あんなにいいムード(オーラはドピンク)だったのに、今や前と変わらずファミレスの中にいるあたし。
どうにかたどり着いたその席で、涼しい空気に触れながら直くんと2度目となる食事を取っている。
さっきまでの、あのピンクな雰囲気はどこぞ。
食事の姿すら絵になる彼と、あんなに激しいキスをしていたなんて夢でも見ていたかのよう。……白昼夢?
いやいや、昼間起こったことでもないし。
ツッコミながら、コーンスープをすする。
こちとら胸いっぱいで食事も喉を通らないというのに、この人の胃はやっぱりブラックホールだ。
「……おいしい?」
つい、訊ねてしまった。
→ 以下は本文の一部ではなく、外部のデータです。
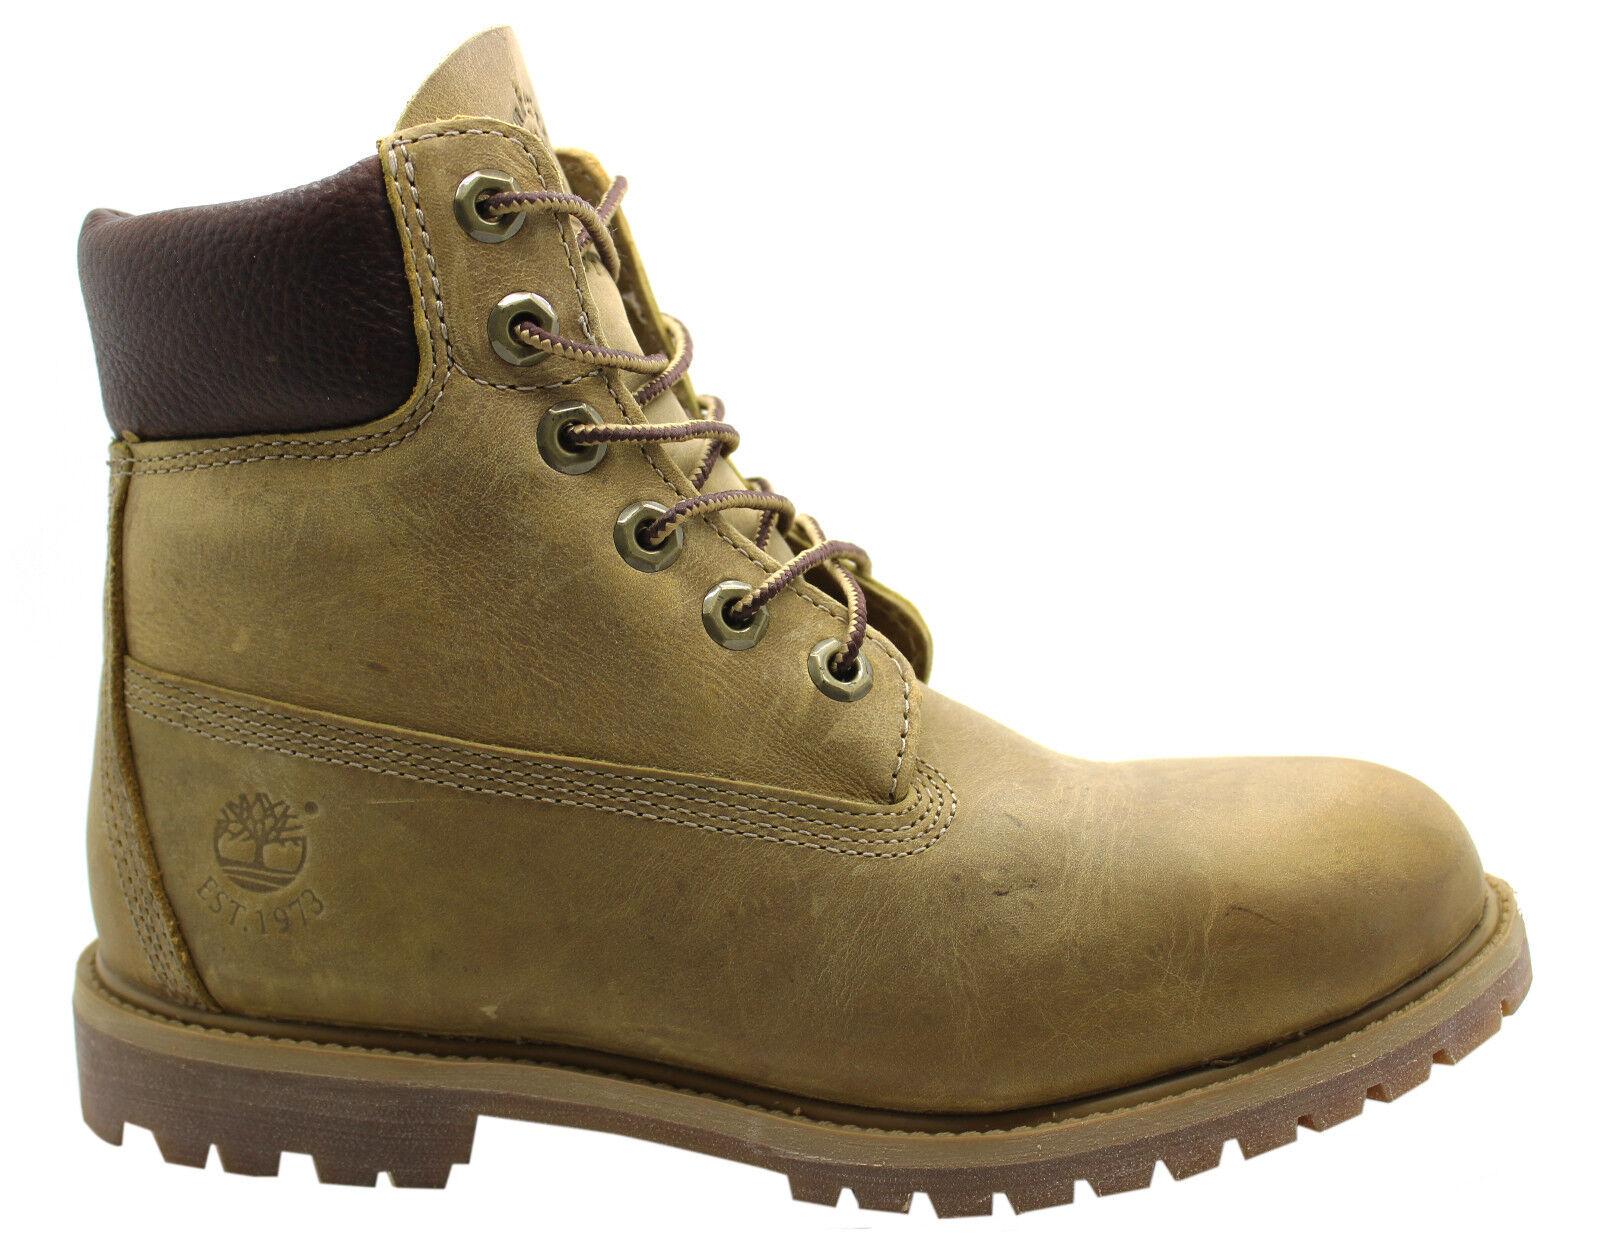 NEU TIMBERLAND Schuhe Damen Earthkeepers Premium 6 27377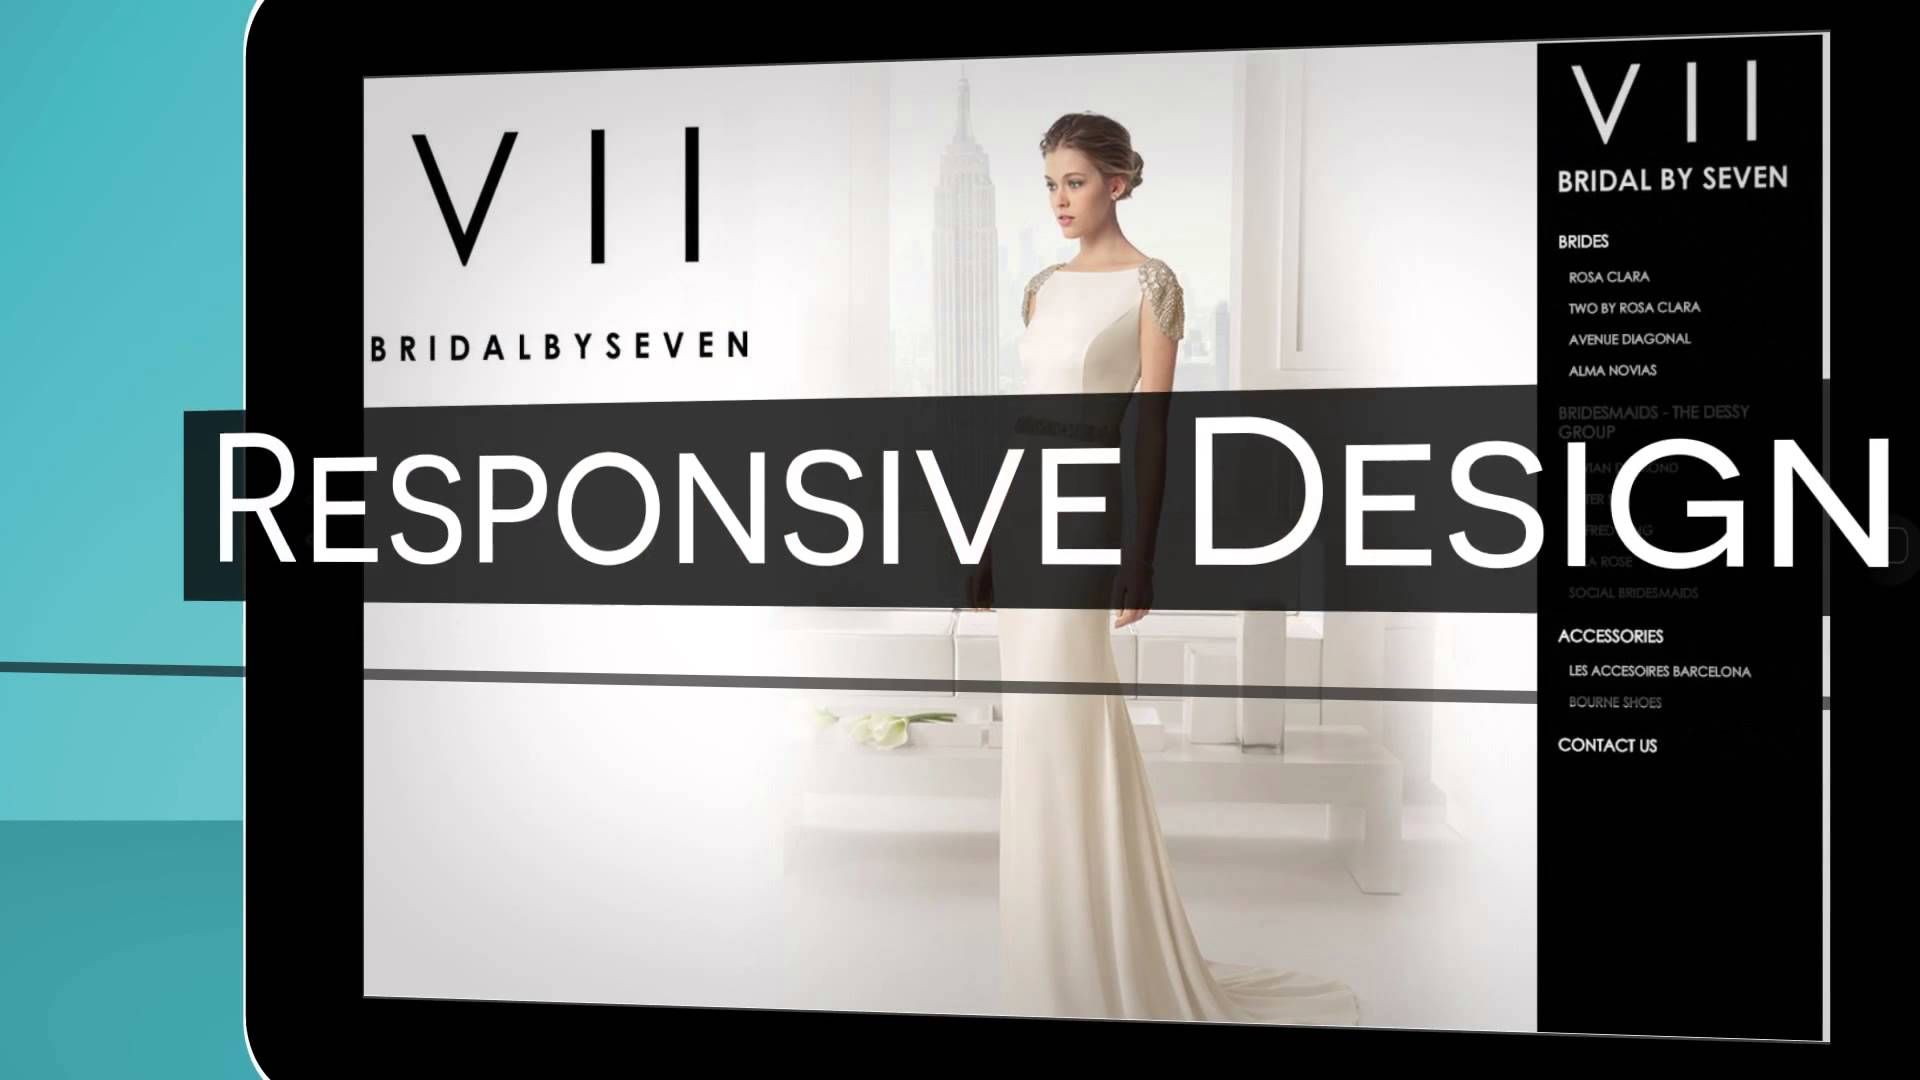 Web Design Newry Bridal By Seven Web Design Quotes Web Development Design Web Design

「あーん」と口を開けていた直くんが、そのフォークをこちらに差し出した。
「食う?」
「……ううん」
「まぁそう言わず」
「い、いいよっ! 食べられないっ」
「お前そう言って、さっきから何も食ってねぇじゃん」
ほら、と差し出されるフォーク。
確かに何も食べてない。上に述べた理由で身体が受け付けない。
「食べないとこの後持たないかもよ」
「……!」
おずおずと口を開けたところに、そう言われて硬直する。
持たないって持たないって……!?
脳内があはーんな想像に支配されて、混濁する。
そ、それじゃますます喉を通らないいいいい!!!!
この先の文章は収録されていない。